All of the traditional methods rely on a subset of metrics chosen from the overwhelming number of metrics persisted by Oracle and stored in the AWR (Automatic Workload Repository) or other repositories in the case of
StatsPack, custom tools, and other third-party tools. Oracle gathers these metrics automatically in the background (while applications are running) and persists them into a repository that is known as AWR. In its raw form, AWR is a massive repository of historic performance metrics and statistics. In an effort to make that data sensible to the user, Oracle exposes many of these metrics, though not all, in various reports (e.g., AWR report, active session history (ASH) report, AWR compare report, etc.). They have also developed tools that use the collected metrics and advanced algorithms to help direct tuning experts in their efforts to address performance issues (e.g., the various advisors available with the Tuning Pack license).
The purpose of all traditional approaches is to pinpoint areas of low performance which can then be targeted for tuning. The metrics chosen for analysis are selected based on their usefulness for solving performance problems, but for any given incident, the performance problem may or may not be manifested in the particular set of predefined metrics exposed by the tool. In my experience, performance issues are different every time (despite patterns of issues), and each class of problem tends to manifest in a different set of metrics; so if the tool misses the metric, the tuner is left to navigate her own path through a tsunami of metrics to find the problem. Expertise can be gained in knowing which metric to choose for examination, but it is often a hunt-and-seek process that can be particularly discouraging to someone new to the field.
Late I will discuss briefly a few of the most common traditional methods/tools used by performance tuners and how they can be useful. I’ll mention their limitations as well in order to set the stage for the introduction of the DOPA process. This dynamic process is able to provide a more robust predictive analysis based on a much greater data source and to do so quickly and with proven impact. I’ve chosen the following four traditional approaches to discuss because they are the most frequently used by tuning experts.
OEM is shorthand for Oracle Enterprise Manager Cloud Control 13c. When I refer to OEM, I usually mean the performance pages of OEM. OEM includes metrics contained in active session history (ASH) and other DBA_HIST views related to ASH (including
DBA_HIST_SQL_PLAN) as well as metrics from a variety of other sources. I have found OEM most helpful for detecting problems in the top resource-consuming SQL statements that may require tuning. For example, the OEM ASH Analytics page will enable you very quickly to identify the SQL statements that are consuming the most resources. Generally, if you can tune this SQL, you can get better performance.
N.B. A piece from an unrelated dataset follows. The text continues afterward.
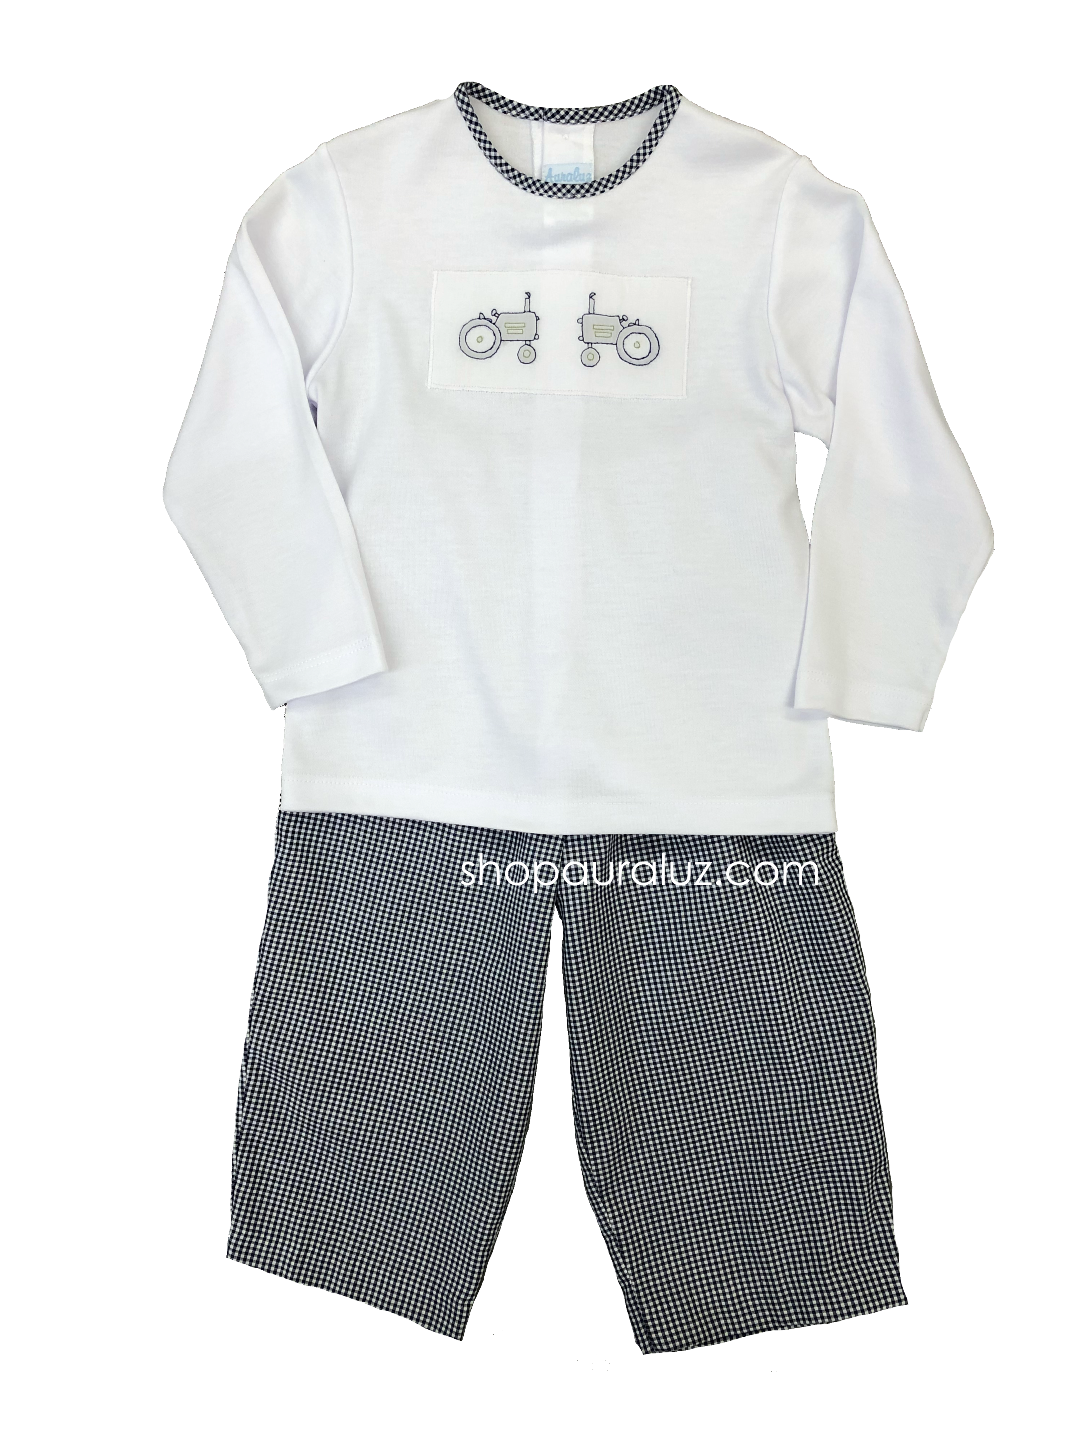 Auraluz 2pc Set...White l/s knit shirt with embroidered tractors and navy check pants

Figure 1 is an example of an ASH Analytics page from within OEM. It shows the top running SQL statement for the database in question to be sql_id 61afmmp6x53p5 [a sql_id is the primary identifier that Oracle uses to identify a SQL statement; refer to the Oracle documentation for more details]. This top running SQL statement is taking significantly more time than the next longest running SQL statement. Navigating around the ASH Analytics page in OEM, you can easily see the top SQL statements and find out what it/they are waiting on; in this case
sql_id 61afmmp6x53p5, I was waiting on event, “db file sequential read,” which is essentially indexed I/O.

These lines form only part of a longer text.